Conversely, electric power may be provided from the MGU 14 to an
onboard traction battery pack 30, e.g., via regenerative braking.
Operation of any of the illustrated powertrain components may be
governed by an onboard or remote vehicle controller, such as
programmable electronic control unit (ECU) 25. While shown as a P2
hybrid-electric architecture with a single motor in parallel
power-flow communication with a single engine assembly, the vehicle
10 may employ other powertrain configurations, such as PS, P1, P3,
and P4 hybrid powertrains, any of which may be adapted for an REV,
PHEV, range-extended hybrid vehicle, fuel-cell hybrid vehicle,
etc.
[0025] Power transmission 16 can use differential gearing 24 to
achieve selectively variable torque and speed ratios between
transmission input and output shafts 17 and 19, respectively, e.g.,
while sending all or a fraction of its power through the variable
elements.
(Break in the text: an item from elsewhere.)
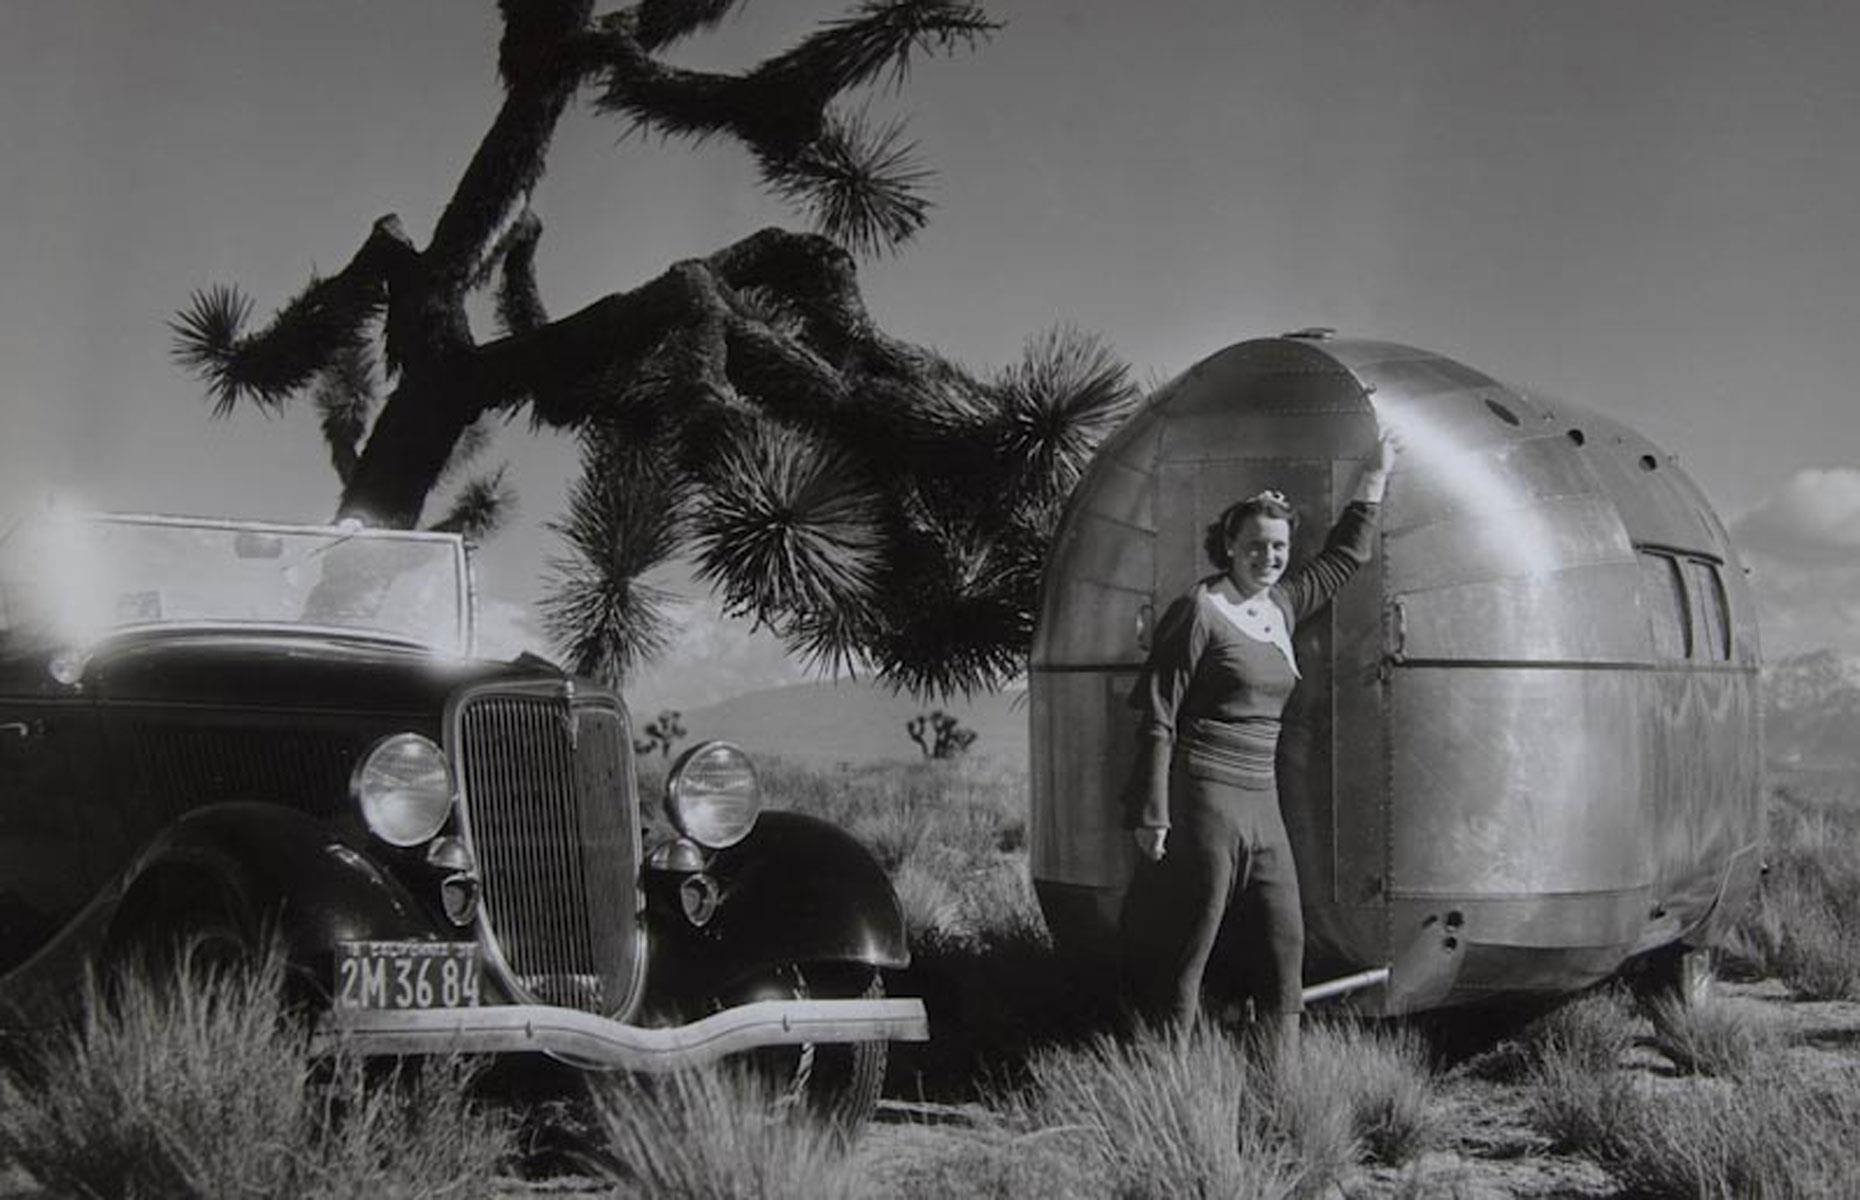 <p>During the 1930s, William Hawley Bowlus, an engineer who worked on the famous Spirit of St Louis airplane, created the Road Chief – an aerodynamic Streamline Moderne-style trailer in gleaming aluminum.</p>  <p><a href="http://bit.ly/3roL4wv"><strong>Love this? Follow our Facebook page for more travel inspiration</strong></a></p>

One form of differential gearing is the epicyclic
planetary gear arrangement. Planetary gearing offers the advantage
of compactness and different torque and speed ratios among all
members of the planetary gearing subset. Traditionally,
hydraulically actuated torque establishing devices, such as
clutches and brakes (the term "clutch" used to reference both
clutches and brakes), are selectively engageable to activate the
aforementioned gear elements for establishing desired forward and
reverse speed ratios between the transmission's input and output
shafts. While envisioned as an 8-speed automatic transmission, the
power transmission 16 may optionally take on other suitable
configurations, including Continuously Variable Transmission (CVT)
architectures, automated-manual transmissions, etc.
[0026] As indicated above, ECU 25 is constructed and programmed to
govern, among other things, operation of the engine 12, motor 14,
transmission 16, TC 18, and clutch 28. Control module, module,
controller, control unit, processor, and any permutations thereof
may be defined to mean any one or various combinations of one or
more of logic circuits, Application Specific Integrated Circuit(s)
(ASIC), electronic circuit(s), central processing unit(s) (e.g.,
microprocessor(s)), and associated memory and storage (e.g., read
only, programmable read only, random access, hard drive, tangible,
etc.)), combinational logic circuit(s), input/output circuit(s) and
devices, etc., whether resident, remote, or a combination of both.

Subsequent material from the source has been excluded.